Some phrasing is difficut to understand

Author Response

Please see the attachment.

Author Response File: Author Response.pdf

Reviewer 3 Report

Dear Authors,

congratulations for the article; only minor revision are requested:

134 The induced cells were collected by centrifugation at 8000 rpm for 10 min and then 134

137 The supernatant was collected after centrifugation at 8000 rpm for 10 min, and applied on 137

In 134 and 137 you show the number of revolutions but not the type or diameter of the rotor, please indicate the diameter of the rotor or, simply, the force of gravity (G-force). Overall, the work is very interesting and opens up new possible further research above all to define the nature of the impurities and improve the final product (bivalent vaccine against K. pneumoniae).Congratulation for the great job

 

Author Response

Please see the attachment.

Author Response File: Author Response.pdf

Round 2

Reviewer 2 Report

 

Q1 The authors comment on the published work of Myeongjin Choi as demonstrating that antibodies against the OPS are protective, but choose to insert citations which don't address the specific question. Why not just cite the Myeongjin Choi papers?
Q4 Again, the authors respond with information to the reviewer, but do not include this in the manuscript.

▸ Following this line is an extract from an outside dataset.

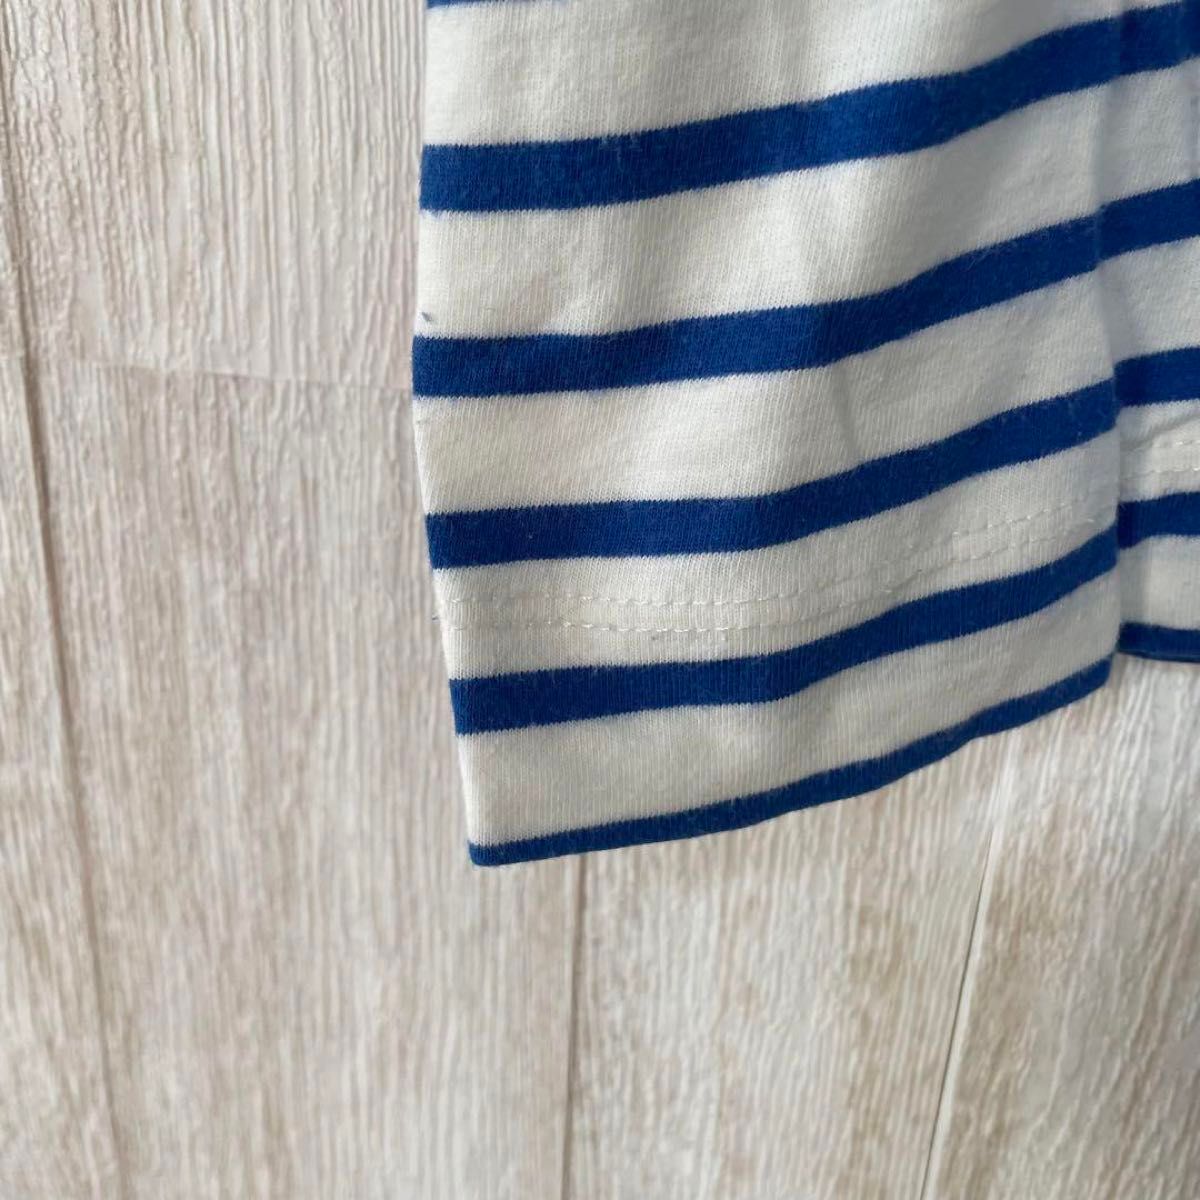 【ニコアンド】ドロップショルダー ボーダー カットソー/クルーネック/体型カバー 半袖 Tシャツ ホワイト ブルー オーバーサイズ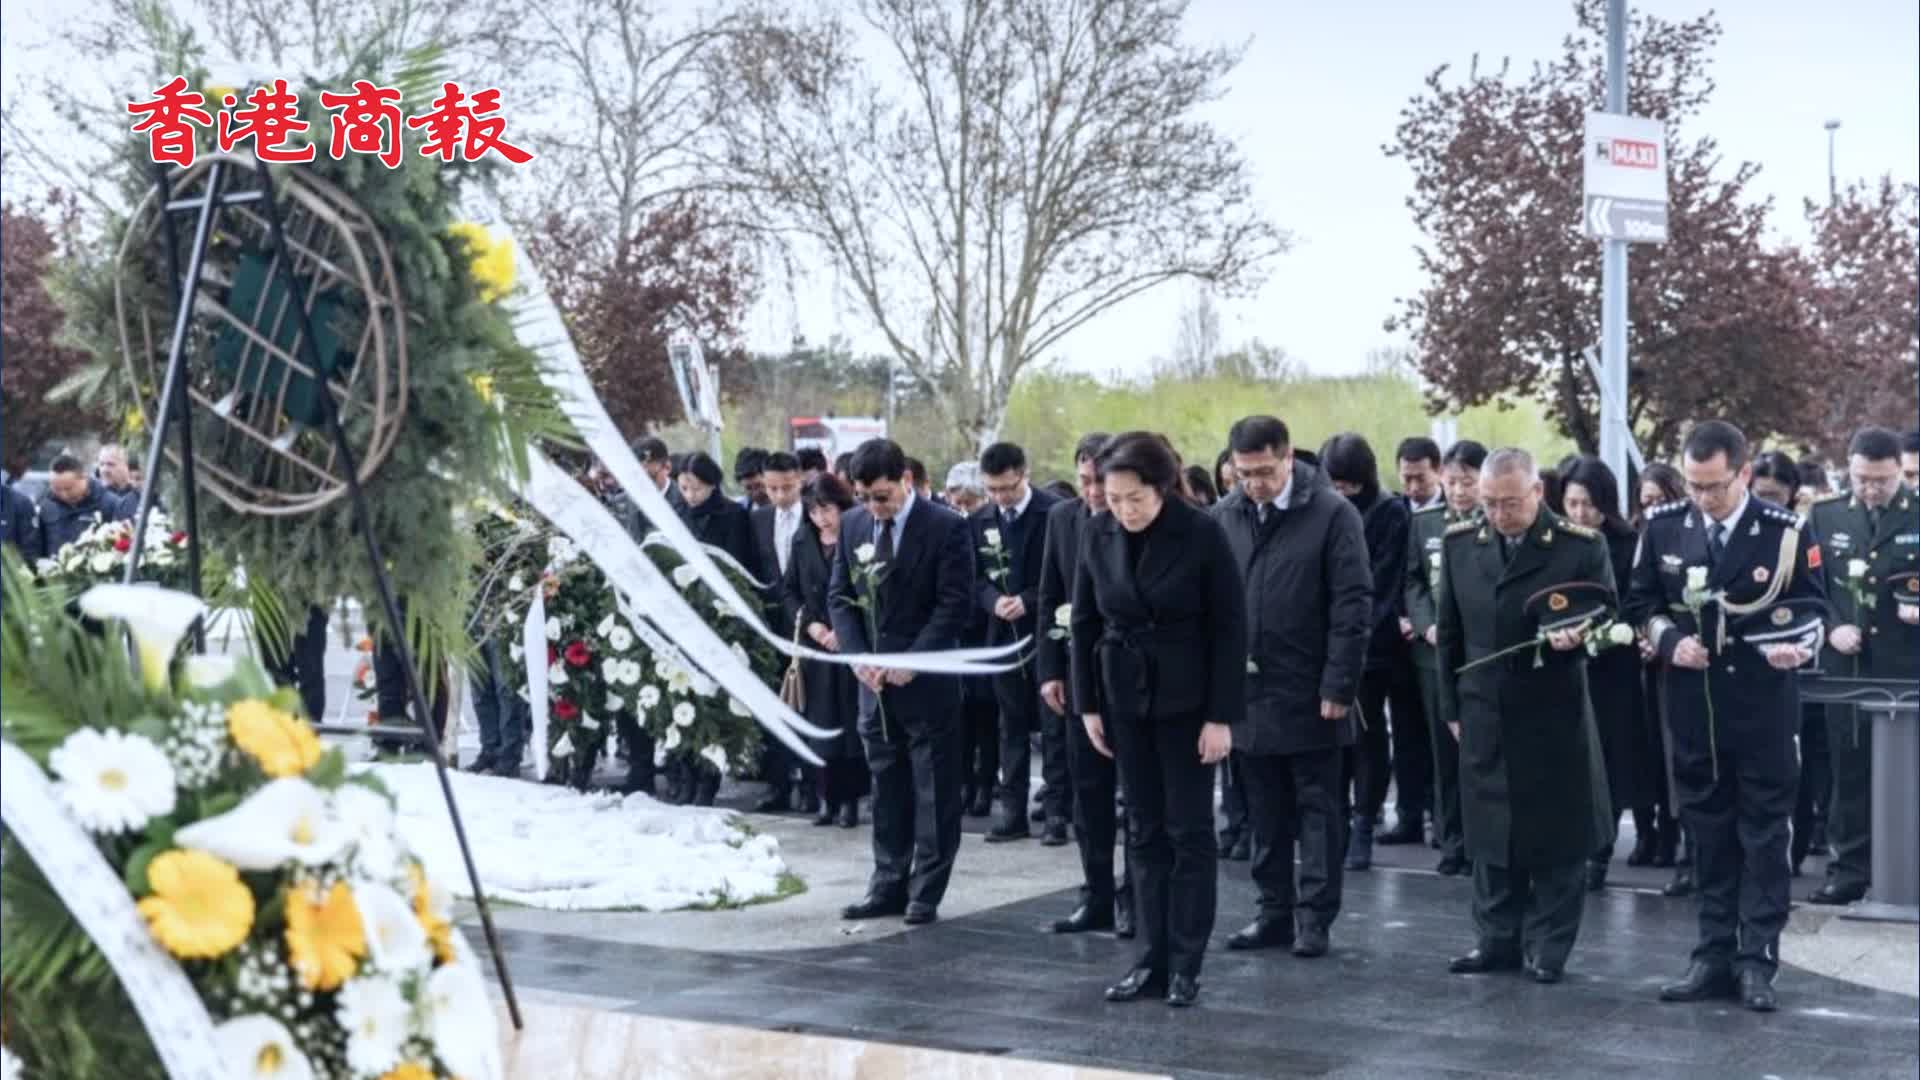 有片 | 中國駐塞爾維亞使館 旅塞僑胞等緬懷北約轟炸中犧牲的三名烈士

Why should this information remain hidden from other readers? Please include the data in the publlished manuscript.
Q4 The repeat unit of the K. pneumoniae O1 LPS is a di-galactose repeat, with a molecular mass of 324 Da. I wold be amazed if the gel was able to resolve glycoproteins differing only in the number of repeat units [ie. by 324 Da]. A glycan chain of 55kDa would have well in excess of 100 repeat units. 
Q5 The authors talk around the question asked, but never answer it. So I assume that they have no evidence for the immunogenicity of their construct. A direct response to the question would have been appreciated - rather than wasting my time.
Q10 Thank you for the answer to the question. It would be even better if this information were to be included in the manuscript - either in the main text or by specifying incubation times in the Experimental Section.